Speculation or prediction of harm to animals has been the central argument advanced in states to oppose a telemedicine VCPR. Canada’s Ontario province, with 16 million people, has allowed a telemedicine VCPR for over eight years without receiving a single complaint of harm to a pet. No jurisdiction has come forward in America to say otherwise. The same predictions and fears fell short in the human health care debate over telemedicine.
While the 5th Circuit’s opinion governs only Texas, Louisiana and Mississippi, the ruling reaches beyond the three Southern states. Other courts will study the opinion and respect the fact that a federal circuit generally viewed as conservative reached the conclusion it did. All this leads to the question of where the U.S. Food and Drug Administration will land if asked to reconsider its decades-old requirement of an in-person VCPR when a veterinarian prescribes an extra-label drug.

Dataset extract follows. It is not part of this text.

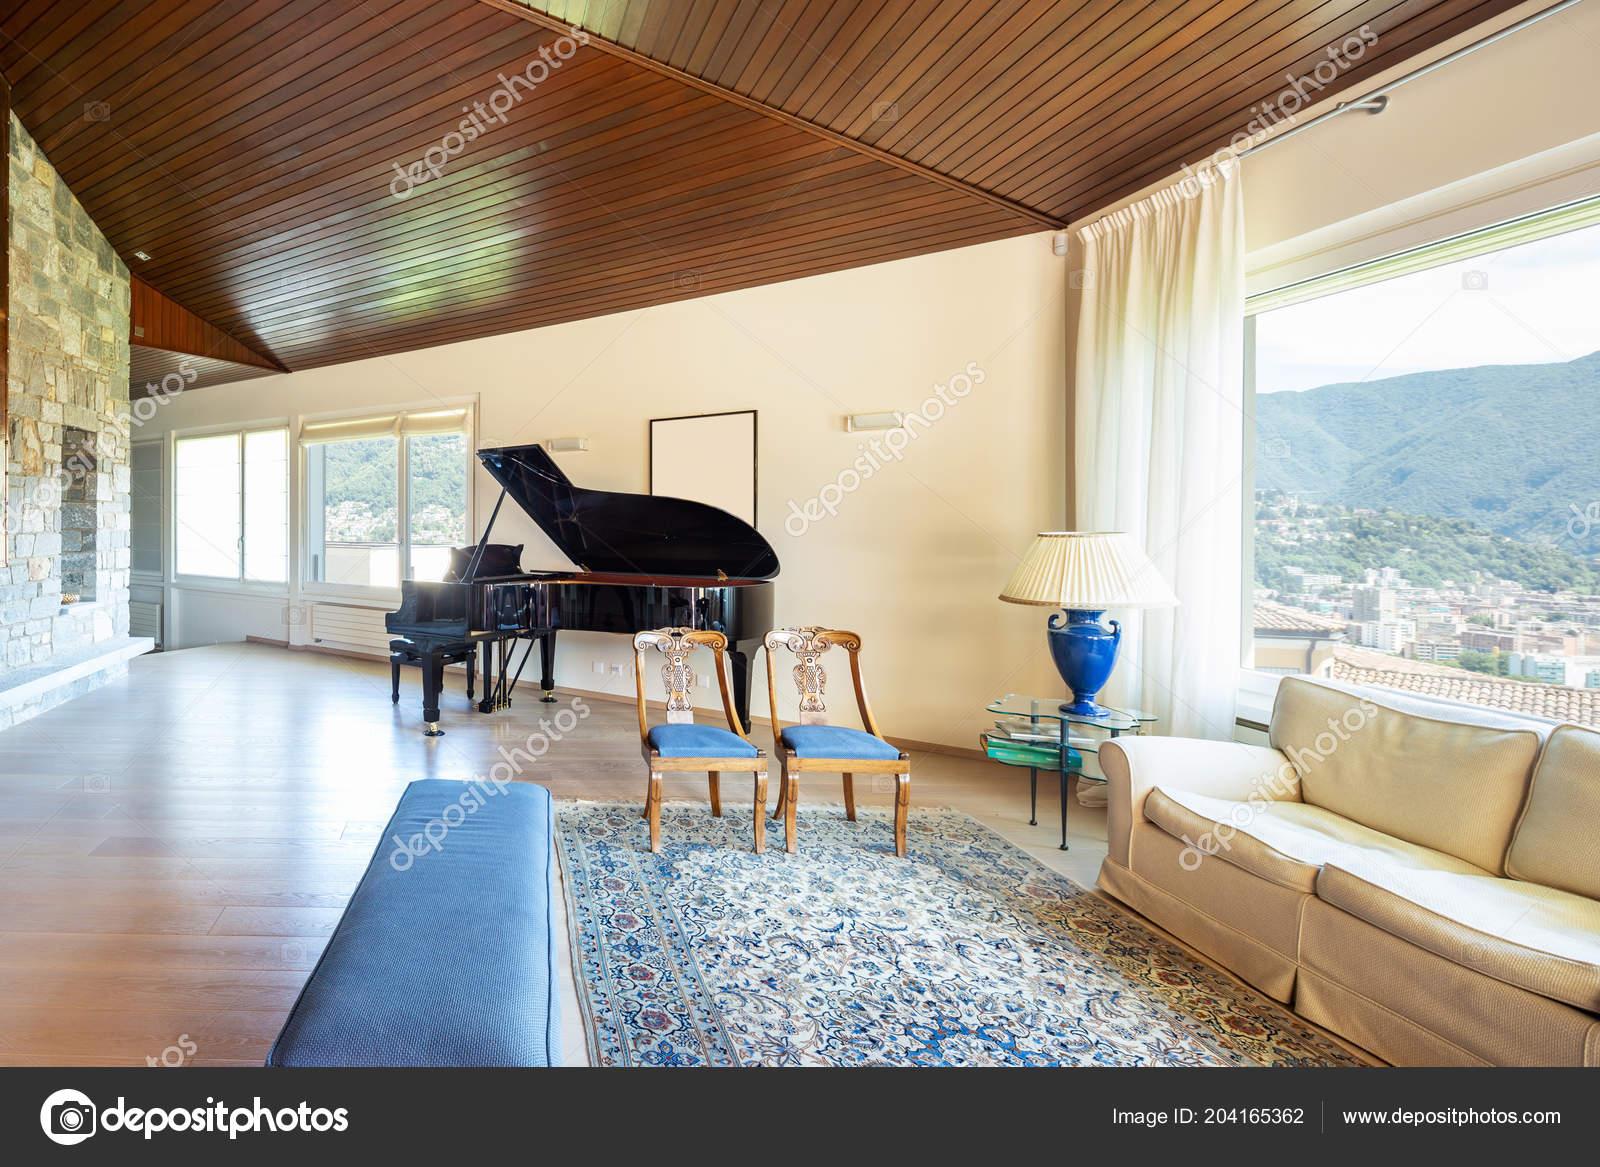 salon moderne avec plafond bois dans villa personne interieur image libre de droit par zveiger c 204165362
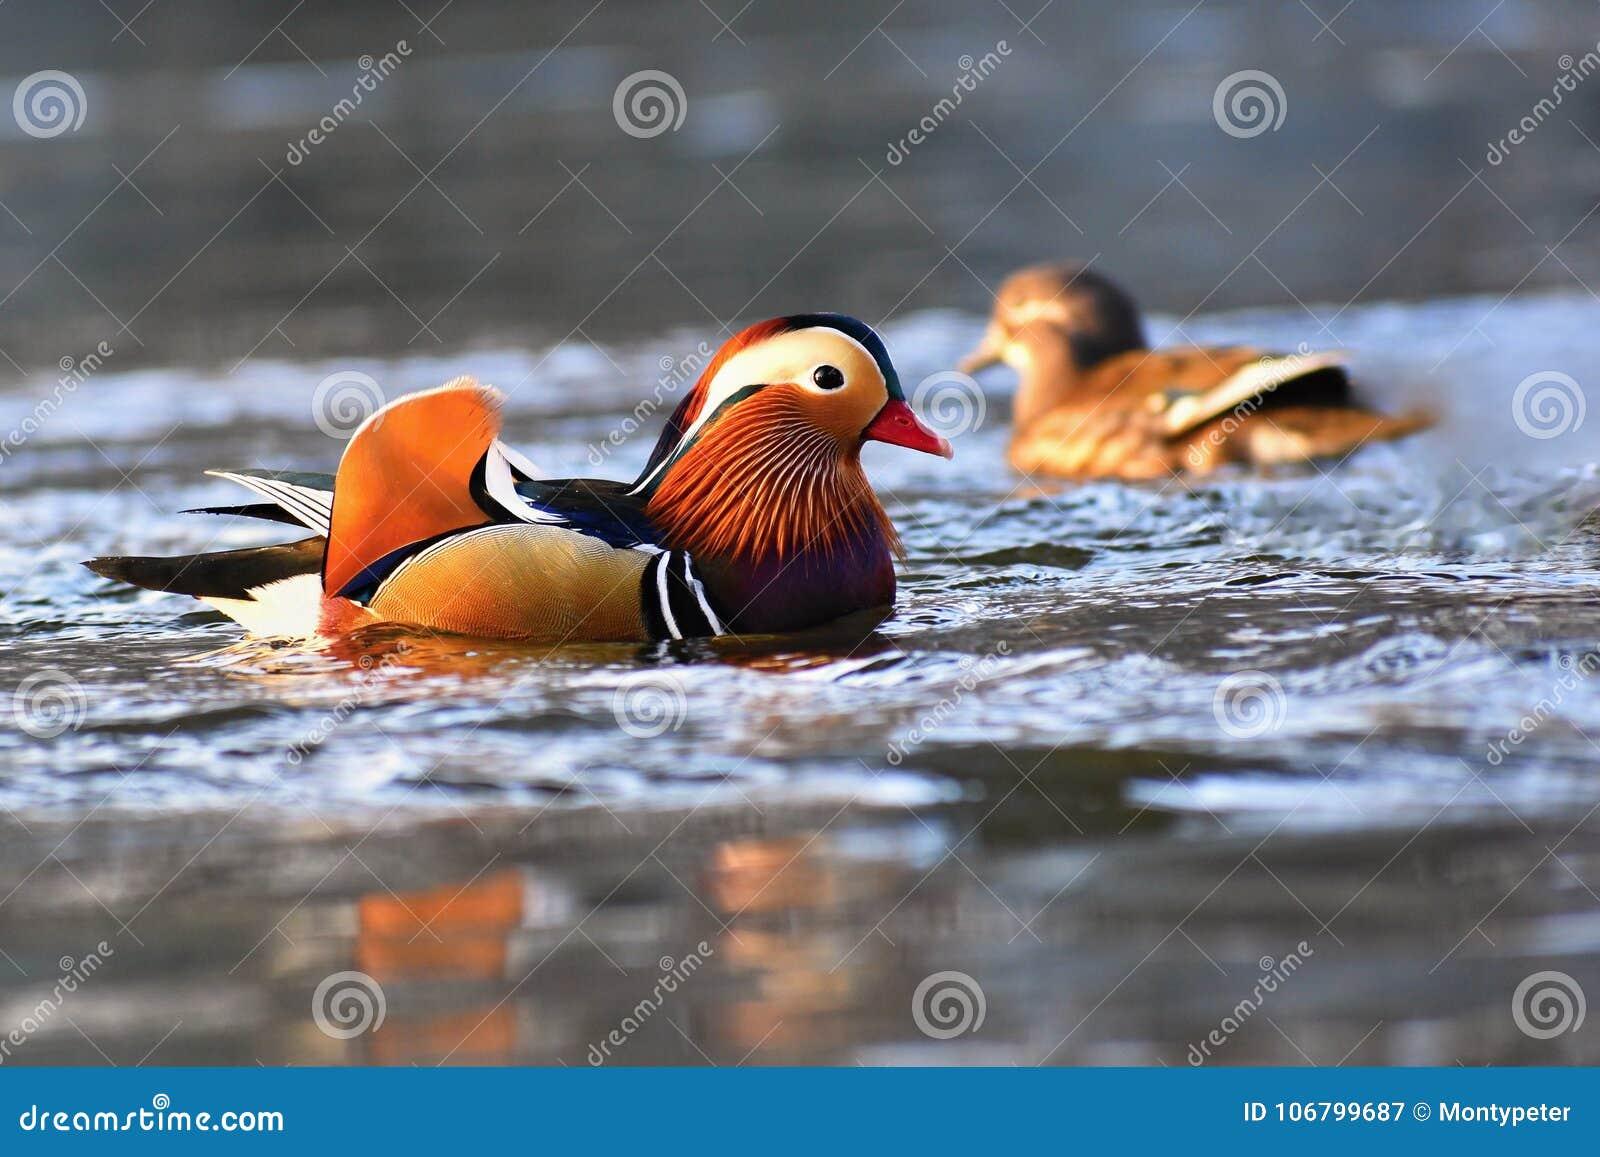 Close-up mannelijke mandarin galericulata die van eendaix op het water met bezinning zwemmen Een mooie vogel die in de wildernis

Stay tuned. The Hines ruling is new, but I predict federal authorities will take notice.
Help Wanted
The second issue — faculty shortages at our 33 accredited U.S. veterinary schools — receives too little attention. Data from the American Association of Veterinary Medical Colleges shows a shortage of more than 4,000 faculty positions. Conservative number adjustments place it at over 2,000.
No one questions that faculty shortages exist, and, of course, the pressure only increases at veterinary colleges as private practices respond to clinician shortages with more generous compensation packages.
The concern is heightened because of a matter that popped up over the past few months at our veterinary accreditor, the AVMA Council on Education, regarding remote and distance learning. All veterinary colleges utilize some form of it. A typical example is an academic expert’s lecture or demonstration in one location being shared electronically with students somewhere else. You can appreciate that the need for distance learning expanded dramatically during the pandemic and persists with the shortage of academic specialists.
Peer Pressure
For every existing and proposed veterinary college, the question is whether the Council on Education may accredit them if their curricula offer remote or distance learning. Unlike over 20 other professional program accreditors in the United States, the COE has never requested authority from the U.S. Department of Education to evaluate schools’ distance learning programs. The predicament has delayed or reshaped accreditation site visits for new programs and caused concerns for existing schools that need remote learning tools to deliver their curricula.
It’s inconceivable that the Department of Education will forbid veterinary schools from using the same tools employed by peer professional schools, especially virtual tools with best practices and successful track records.
The COE is slowly determining when and how to request authority from the Department of Education. All the while, the schools remain in limbo.
The outcome is certain. The COE will gain the privilege of evaluating distance or remote learning in veterinary programs and will follow the best practices of fellow professional programs and college accreditors.
The clock is ticking for veterinary medicine. Time is of the essence.
DID YOU KNOW?
The American Veterinary Medical Association established the Committee on Intelligence and Education in 1890. Sixteen years later, the committee took steps to initiate college evaluations. A replacement group, the accreditation-granting Council on Education, was formed in 1946.